| 3 min read

System Design: Defense-in-Depth for LLM Safety

A practical, layered safety architecture for GenAI systems: where to place guardrails, how to keep latency low, and how to handle edge cases.

#System Design #AI Safety #LLM #Architecture

Problem Statement

LLM applications face prompt injection, policy violations, PII leakage, and unsafe outputs.
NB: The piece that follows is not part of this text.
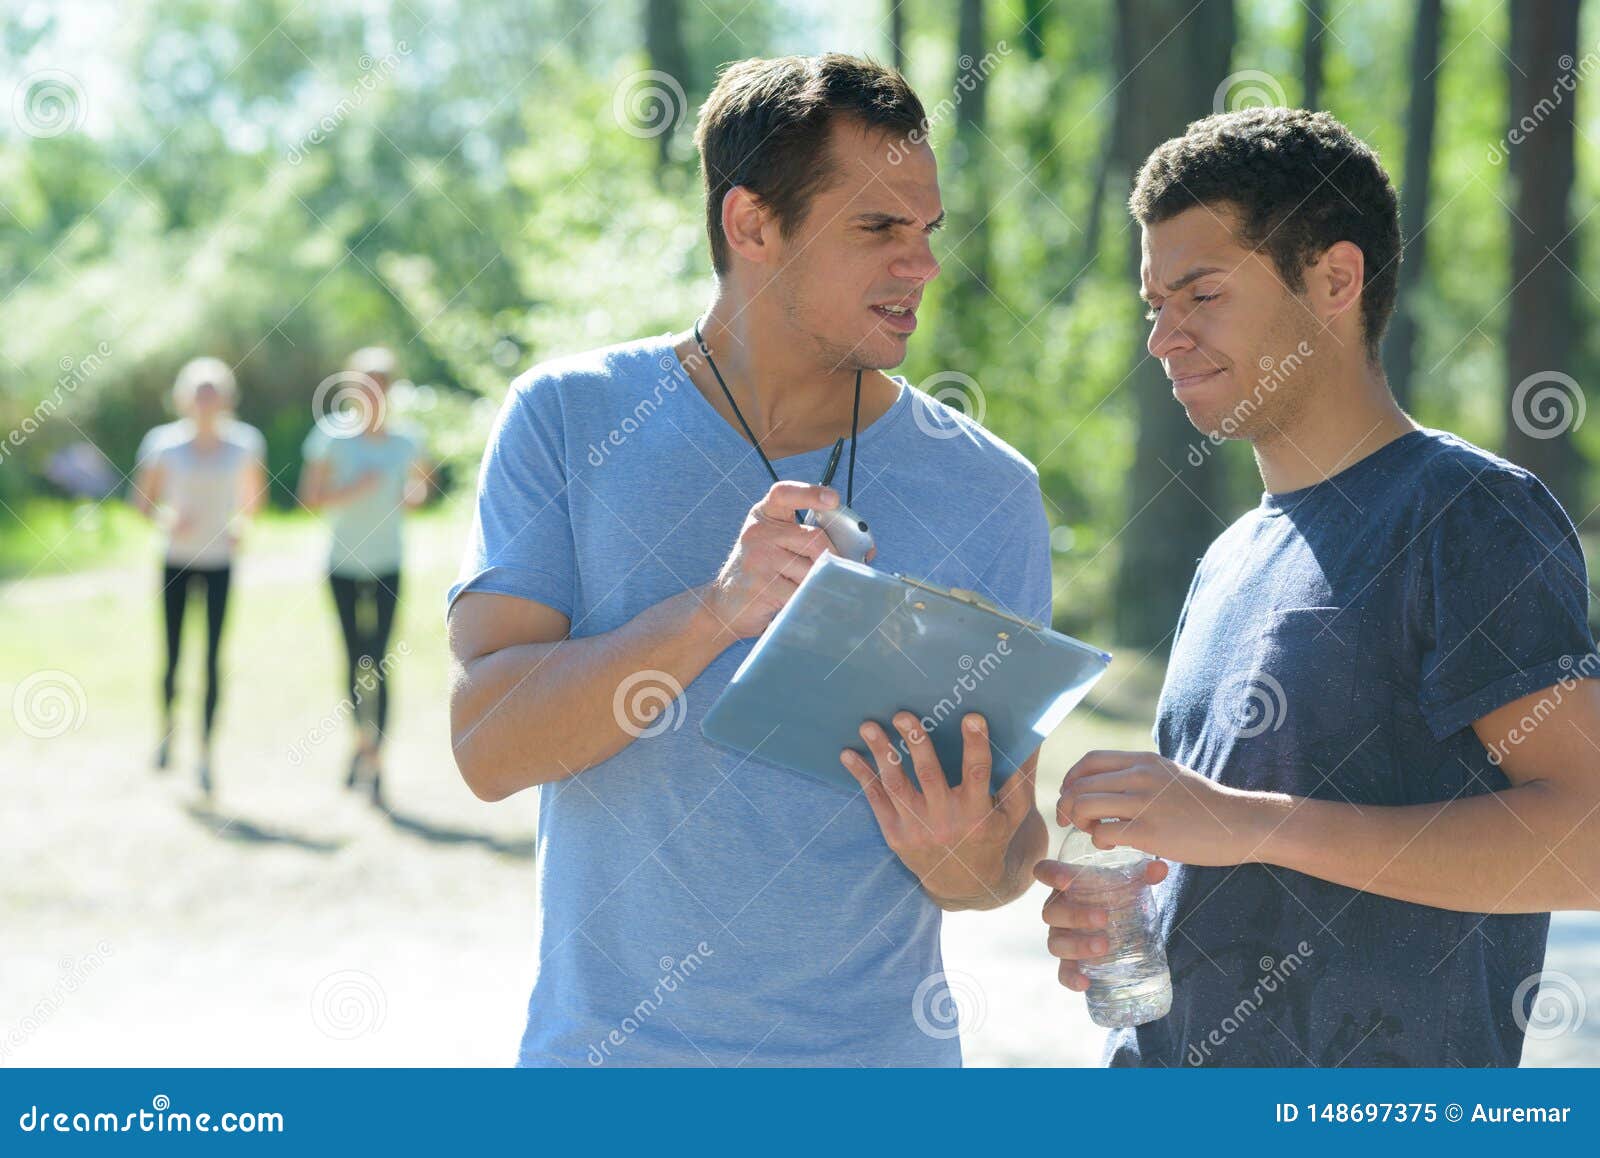 Running Coach Talking To Athlete Stock Image - Image of runner, exercise:  148697375
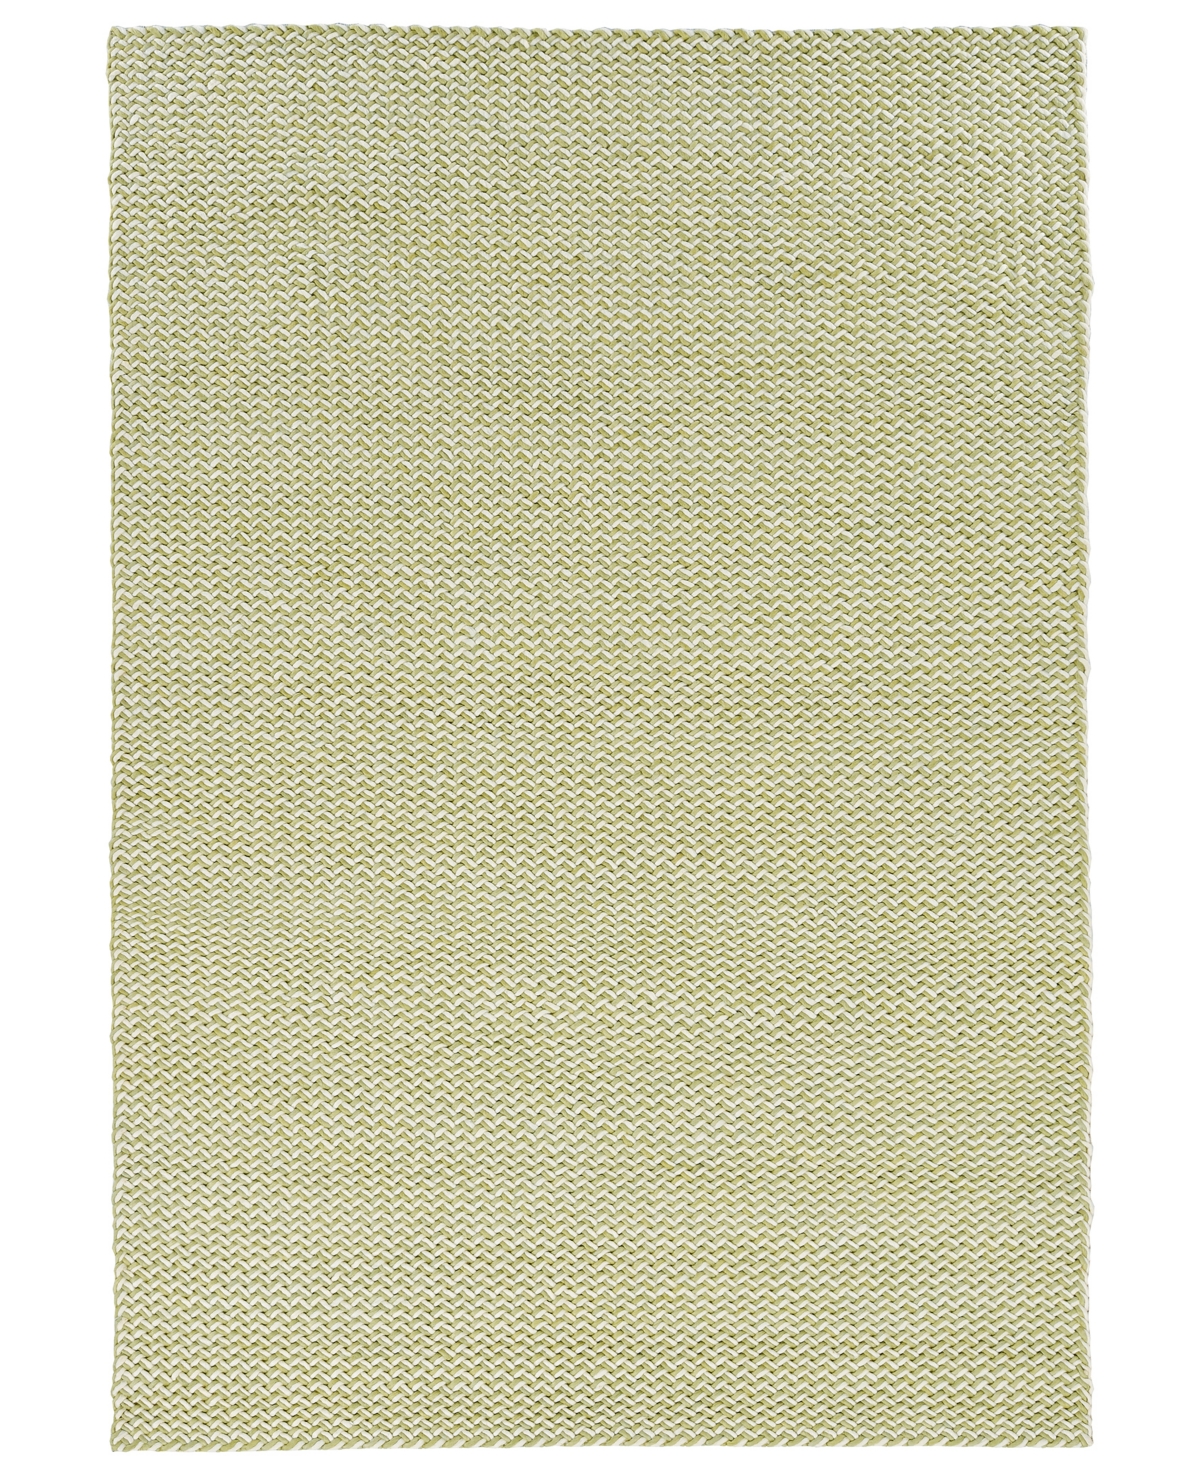 Km Home Bellissima 19 9' X 12' Area Rug In Green

A single safety layer is insufficient: attacks bypass heuristics, and models can hallucinate unsafe content even when inputs are clean.

The goal is to build a defense-in-depth system that:

  • Catches obvious attacks fast
  • Escalates only suspicious traffic to expensive checks
  • Provides auditability and incident response
  • Fails closed on safety errors

High-Level Architecture

Client
  -> Input Validation (schema, size, encoding)
  -> Tier 1 Heuristics (rules, regex, blocklists)
  -> Tier 2 Fast ML (toxicity, injection classifier)
  -> Tier 3 Deep ML (LLM judge / ensemble)
  -> Model Inference
  -> Output Filtering (PII redaction, policy checks)
  -> Response

Observability + Audit Logs across all tiers

Key design principle: cheap checks first, expensive checks last.


Components

1) Input Validation

  • Reject malformed requests early
  • Enforce length limits, encoding, required fields
  • Prevent resource exhaustion

2) Tier 1 Heuristics

  • Regex patterns for known jailbreaks
  • Blocklists for unsafe terms
  • Bloom filter for known bad prompts

Latency: sub-millisecond

3) Tier 2 Fast ML

  • Small classifiers for toxicity, injection
  • Run on GPU when available, CPU otherwise
  • Sample only when needed (e.g., 30% of clean traffic + all suspicious)

Latency: 5-20ms

4) Tier 3 Deep ML

  • Expensive LLM-based analysis
  • Use only on edge cases
  • Strict budget per request

Latency: 50-100ms (rarely triggered)

5) Output Filtering

  • Detect PII, unsafe output, policy violations
  • Redact or block
  • Record audit trail

Key Data Flows

Normal (safe) flow

  • Input validation passes
  • Heuristics pass
  • Skip ML tiers
  • Output filter passes
  • Response returned

Suspicious flow

  • Heuristics trigger
  • Fast ML invoked
  • If borderline, deep ML invoked
  • Output filter applied
  • Response modified or blocked

Failure Handling

  • Fail closed on safety service errors
  • Provide clear rejection reasons to callers
  • Log with request IDs for investigation
  • Escalate to human review when confidence is low

Observability

Track:

  • Safety verdict distribution
  • False positive rate
  • Latency per tier (p50/p95/p99)
  • Trigger rates for each tier
  • Block reasons by category

Tradeoffs

  • Latency vs coverage: more layers increase safety but add delay
  • Cost vs accuracy: deep ML is expensive, limit its usage
  • User friction: block vs fix/guide responses

Summary

Defense-in-depth provides resilience to evolving attack patterns. The system must be measurable, budget-aware, and designed to fail safe.

If you’re building GenAI systems, treat safety as architecture, not a bolt-on feature.